- **INSTRUCTIONS FOR THE TASK**
Reproduce the full listing as it stands. Images do not belong in the copy.

- **RECORDED INFORMATION**
=-=-=

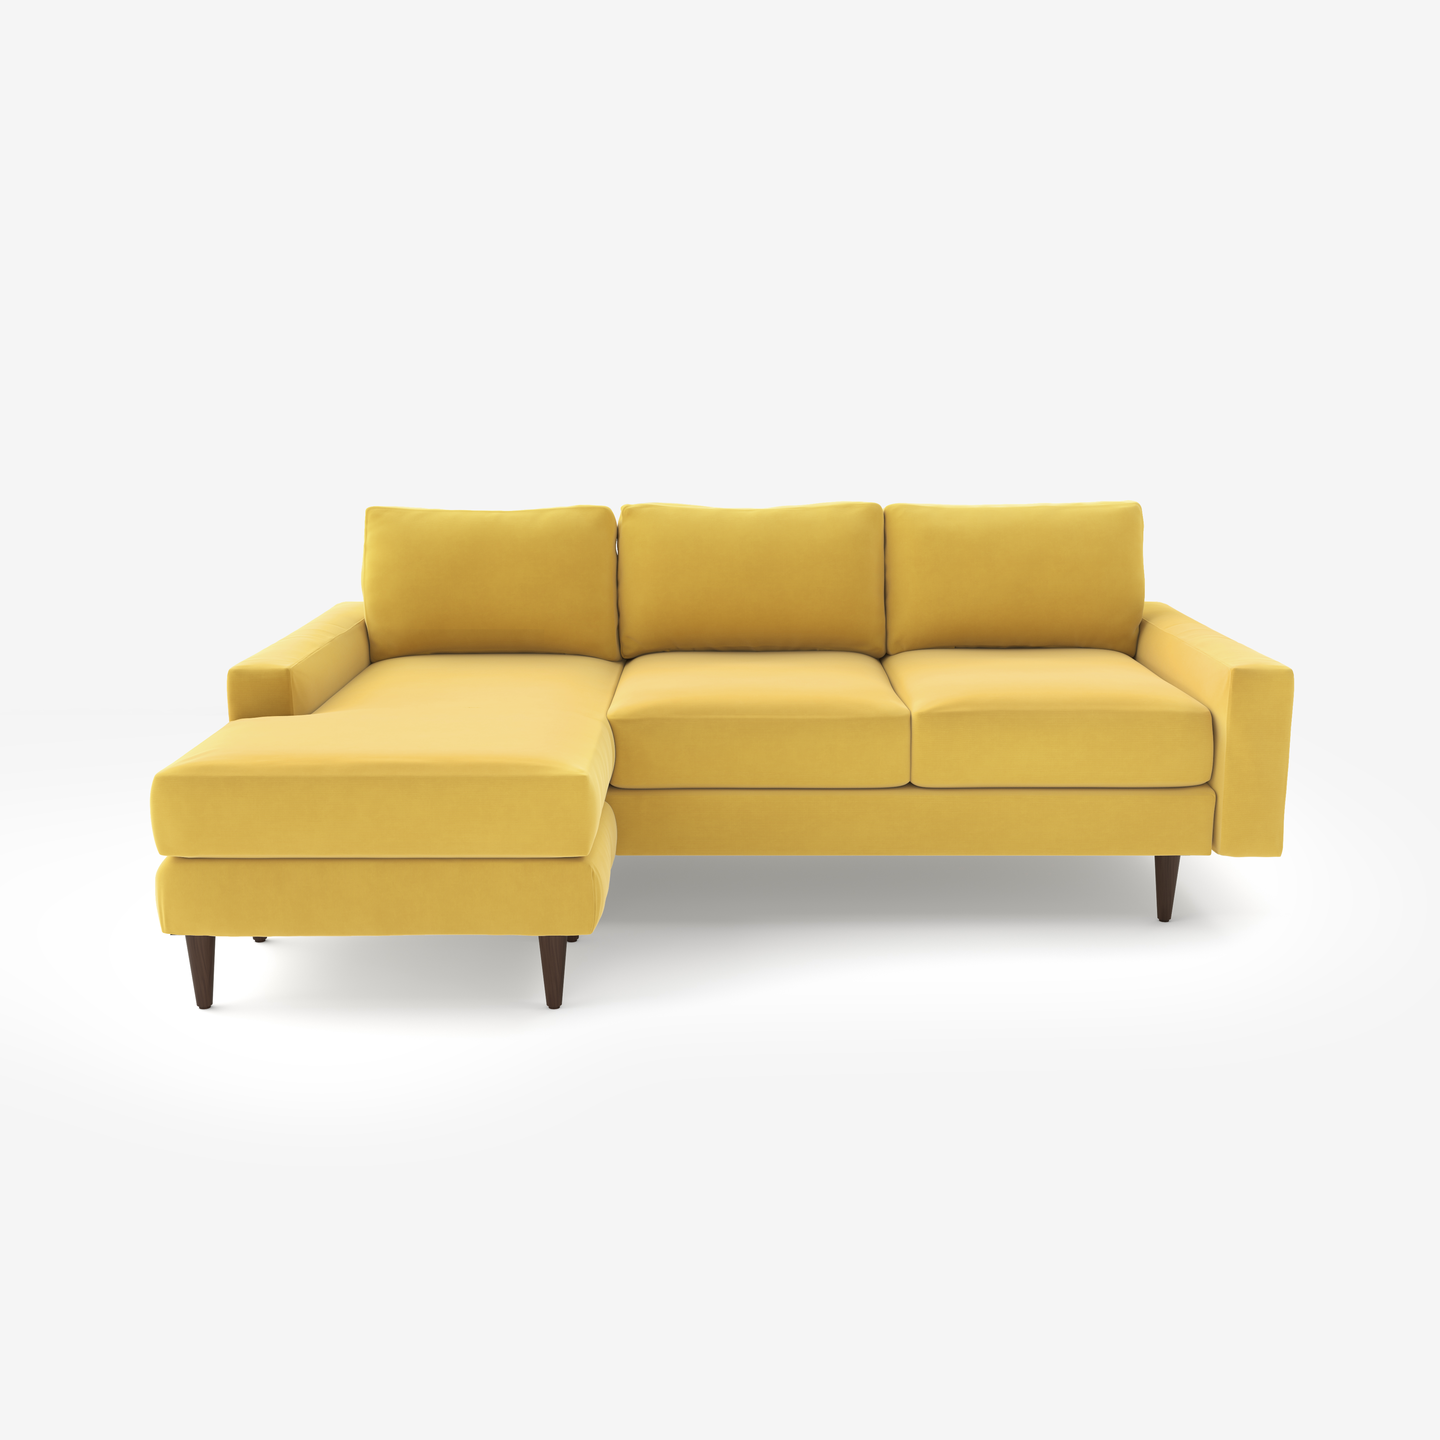 1613_Brooks-Sectional-Convertible-Yellow_Front-Left_2021
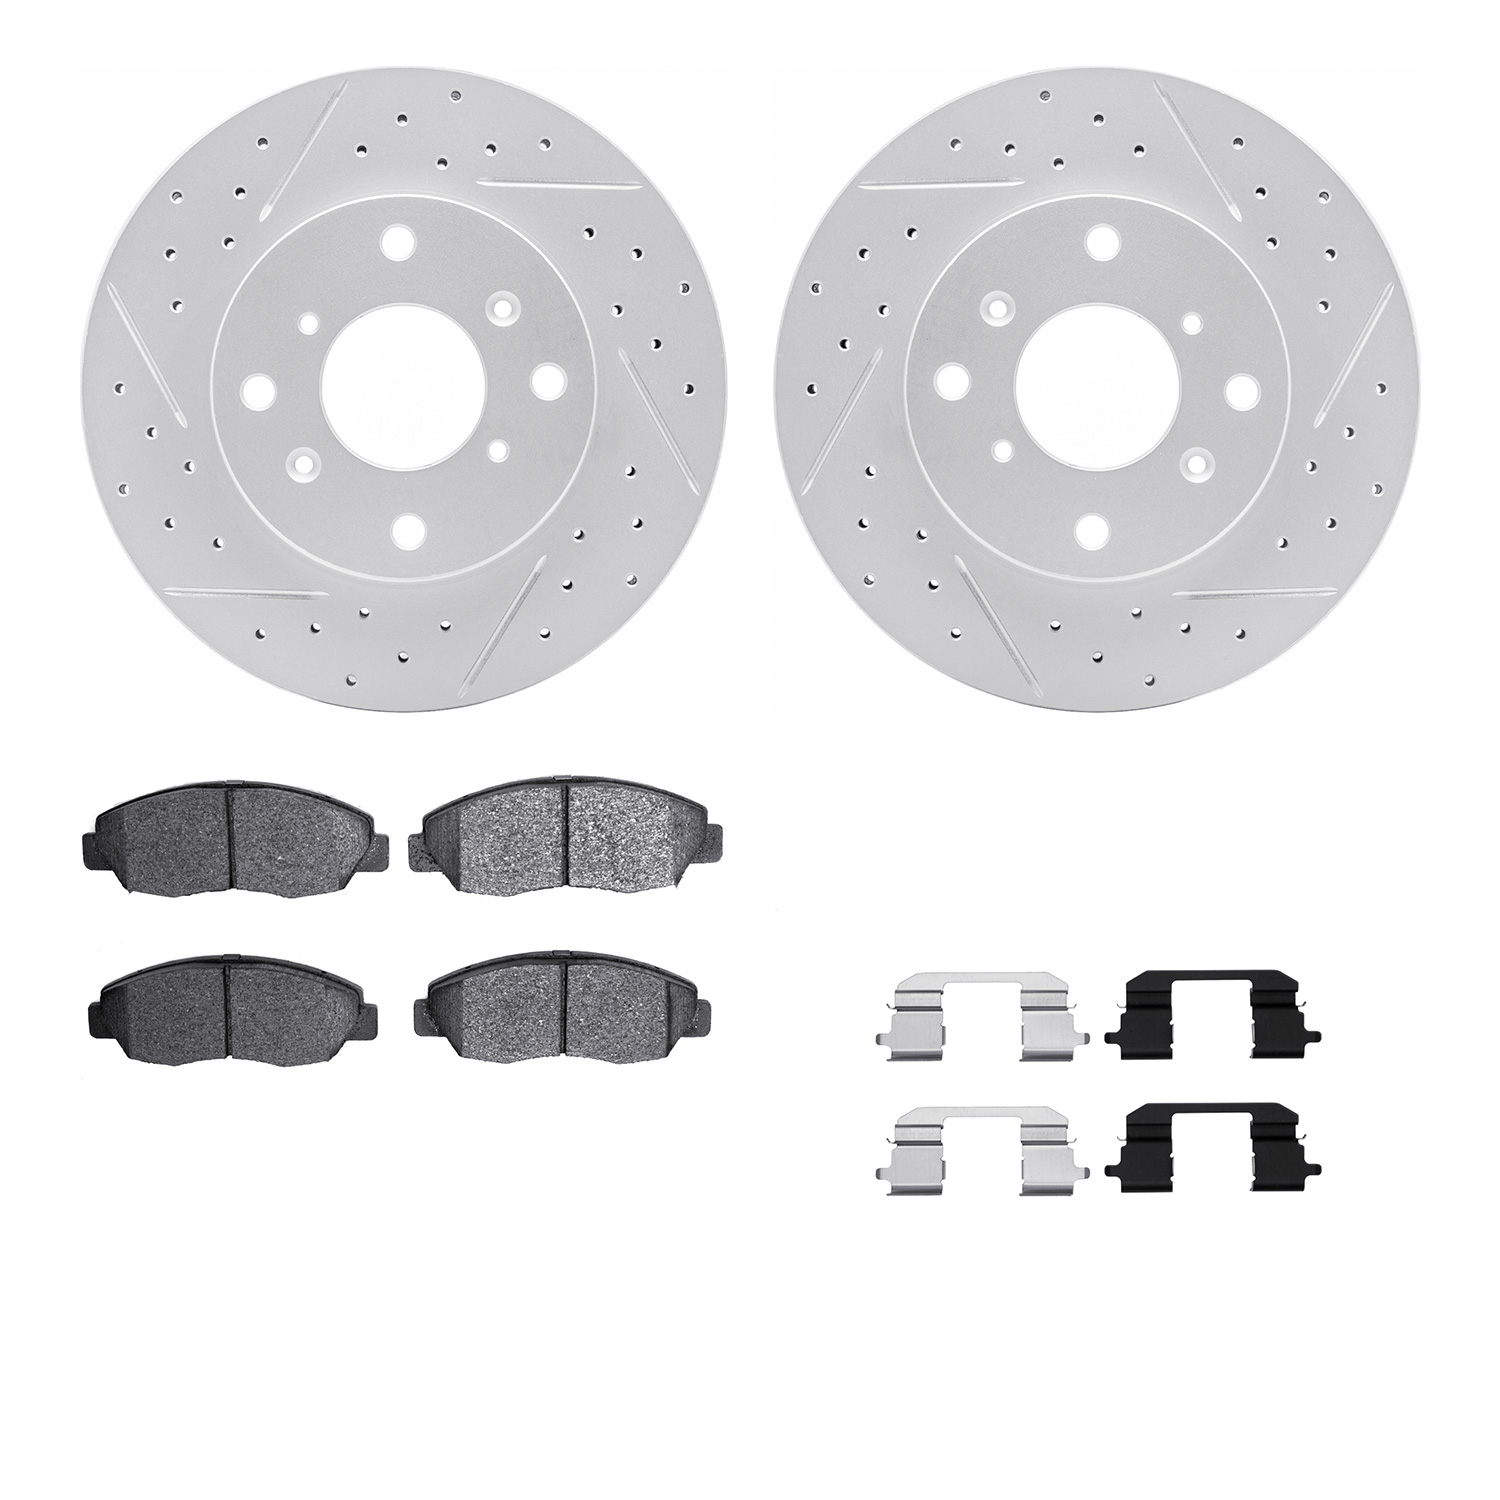 2512-59020 Geoperformance Drilled/Slotted Rotors w/5000 Advanced Brake Pads Kit & Hardware, 1998-2002 Acura/Honda, Position: Fro
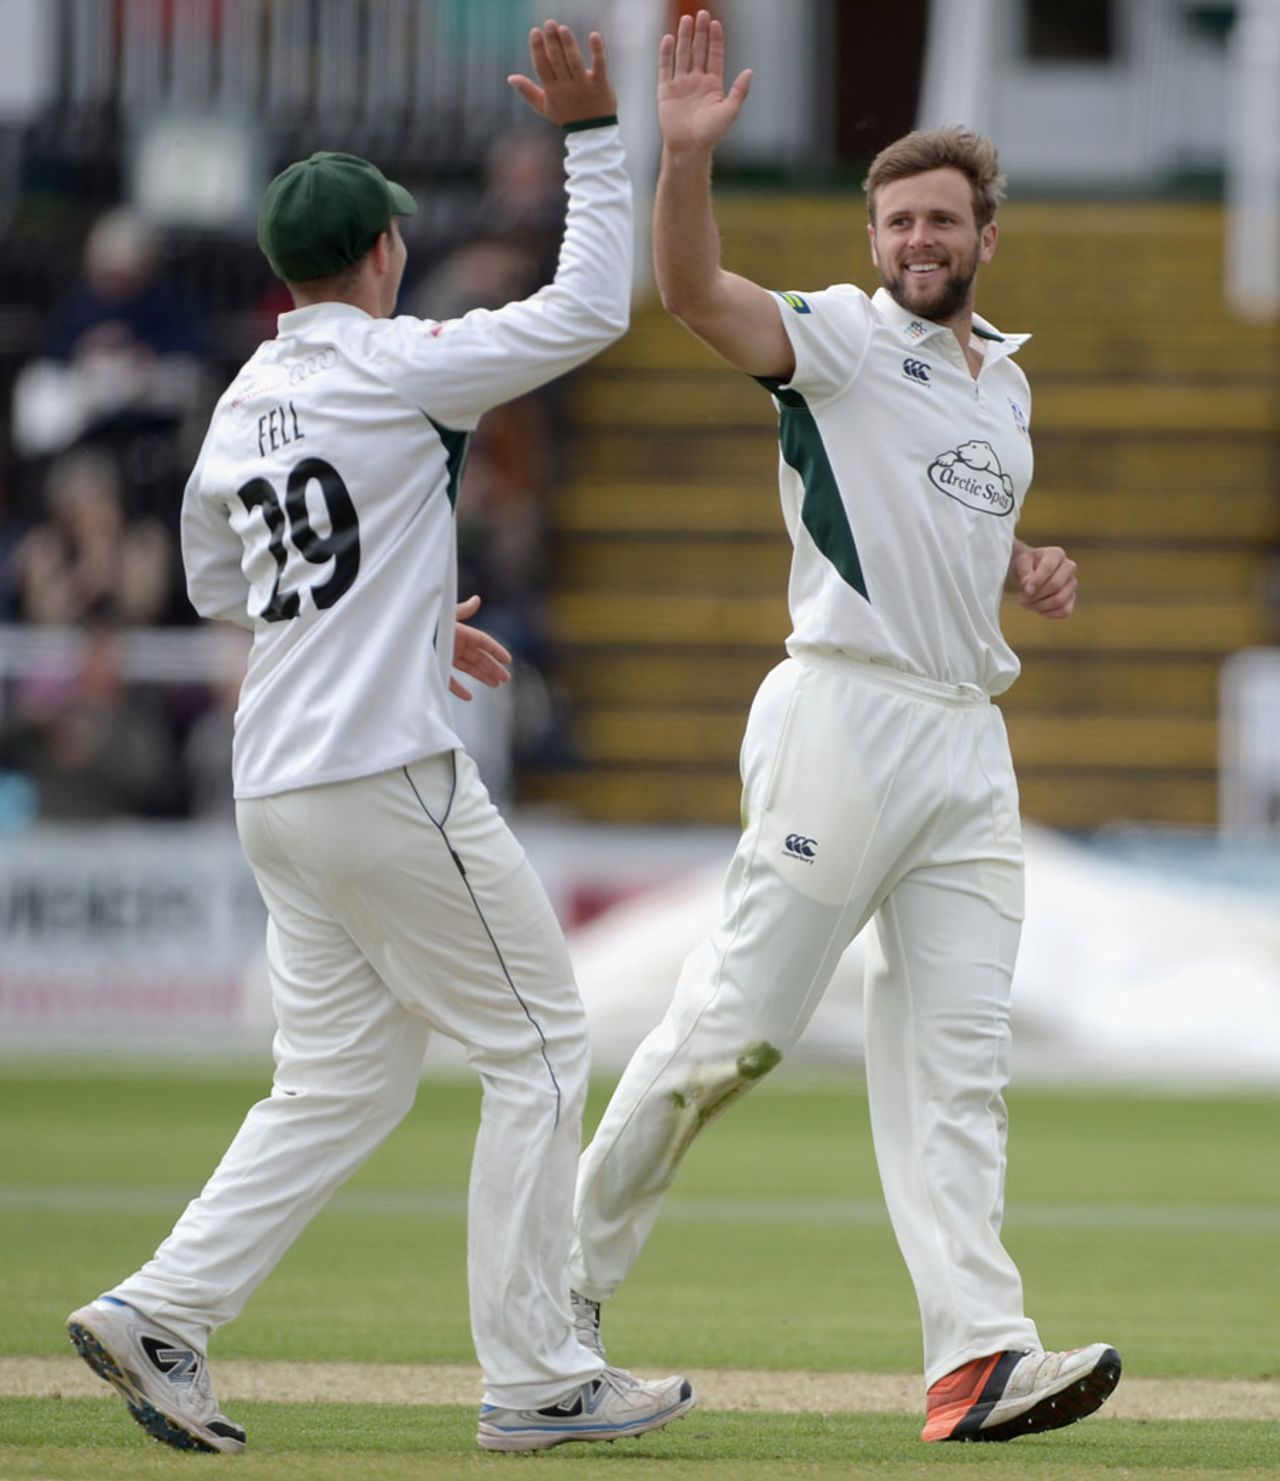 Ross Whiteley was in the wickets, Worcestershire v New Zealanders, Tour match, New Road, 2nd day, May 15, 2015

=-=-=

- **TASK RESULT**
 1613_Brooks-Sectional-Convertible-Yellow_Front-Left_2021
 2512-59020 Geoperformance Drilled/Slotted Rotors w/5000 Advanced Brake Pads Kit & Hardware, 1998-2002 Acura/Honda, Position: Fro
 Ross Whiteley was in the wickets, Worcestershire v New Zealanders, Tour match, New Road, 2nd day, May 15, 2015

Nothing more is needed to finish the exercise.